Alteon Application Delivery Controller (ADC)
Radware’s Alteon Application Delivery Controller (ADC) offers robust, multi-faceted application delivery and security, combining advanced load balancing with integrated Web Application Firewall (WAF) capabilities. Designed to optimize and protect mission-critical applications, Alteon ADC provides comprehensive Layer 4-7 load balancing, SSL offloading, and acceleration for seamless application performance. The integrated WAF defends against a broad range of web threats, including SQL Injection, cross-site scripting, and advanced bot-driven attacks. Alteon ADC further enhances application security through bot management, API protection, and DDoS mitigation, ensuring continuous service availability and data protection. Built for both on-premises and hybrid cloud environments, it also supports containerized and microservices architectures, enabling scalable and flexible deployments that align with modern IT infrastructures.
DefensePro X
Radware's DefensePro X is an advanced DDoS protection solution that provides real-time, automated mitigation against high-volume, encrypted, and zero-day attacks.
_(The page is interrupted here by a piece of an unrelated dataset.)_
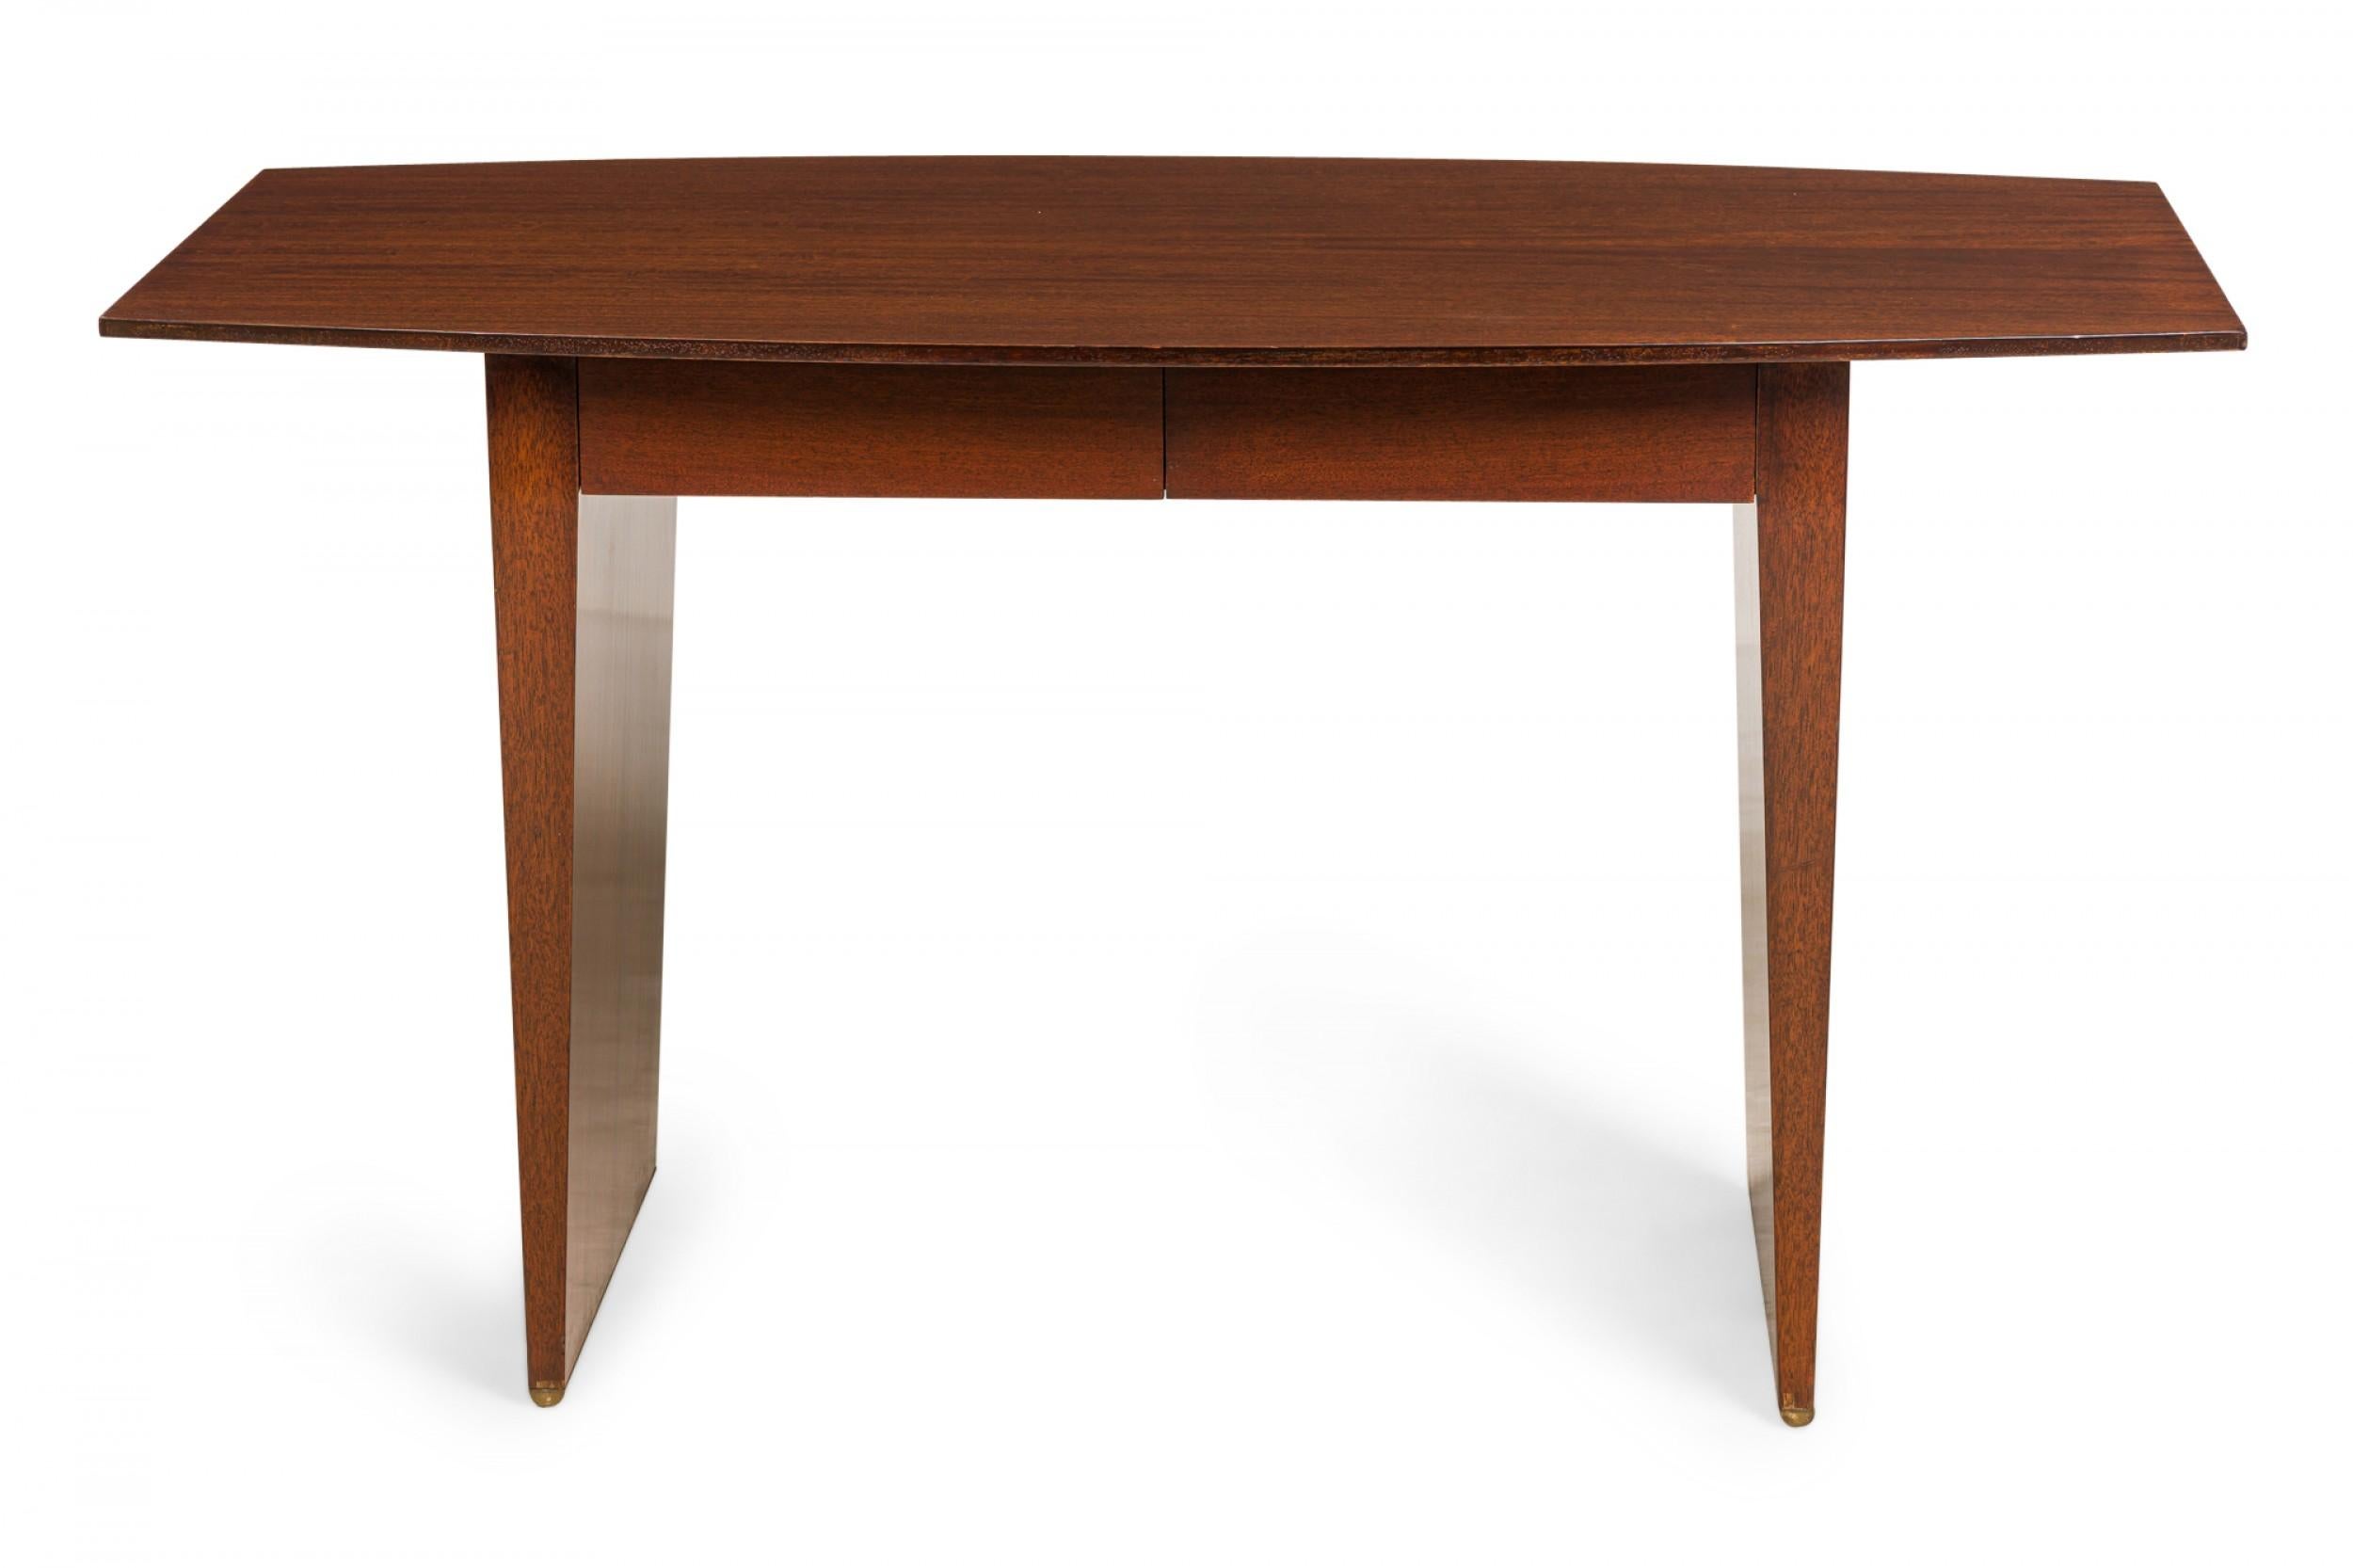 American Mid-Century polished walnut table desk with a 'boat' form top resting on a bracket-shaped walnut base. (HARVEY PROBBER)

It leverages behavioral-based detection algorithms to accurately distinguish between legitimate and malicious traffic, enabling proactive defense without manual intervention. The system can autonomously detect and mitigate unknown threats within 18 seconds, ensuring rapid response to evolving cyber threats. With mitigation capacities ranging from 6 Gbps to 800 Gbps, DefensePro X is built for scalability, making it suitable for enterprises and service providers facing massive attack volumes. It protects against IoT-driven botnets, burst attacks, DNS and TLS/SSL floods, and ransom DDoS campaigns. The solution also offers seamless integration with Radware’s Cloud DDoS Protection Service, providing flexible deployment options. Featuring advanced security dashboards for enhanced visibility, DefensePro X ensures comprehensive network protection while minimizing operational overhead.
Cloud DDoS Protection Service
Radware’s Cloud DDoS Protection Service offers advanced, multi-layered defense against Distributed Denial of Service (DDoS) attacks. It uses sophisticated behavioral algorithms to detect and mitigate threats at both the network (L3/4) and application (L7) layers. This service provides comprehensive protection for infrastructure, including on-premises data centers and public or private clouds. Key features include real-time detection and mitigation of volumetric floods, DNS DDoS attacks, and sophisticated application-layer attacks like HTTP/S floods. Additionally, Radware’s solution offers flexible deployment options, such as on-demand, always-on, or hybrid models, and includes a unified management system for detailed attack analysis and mitigation.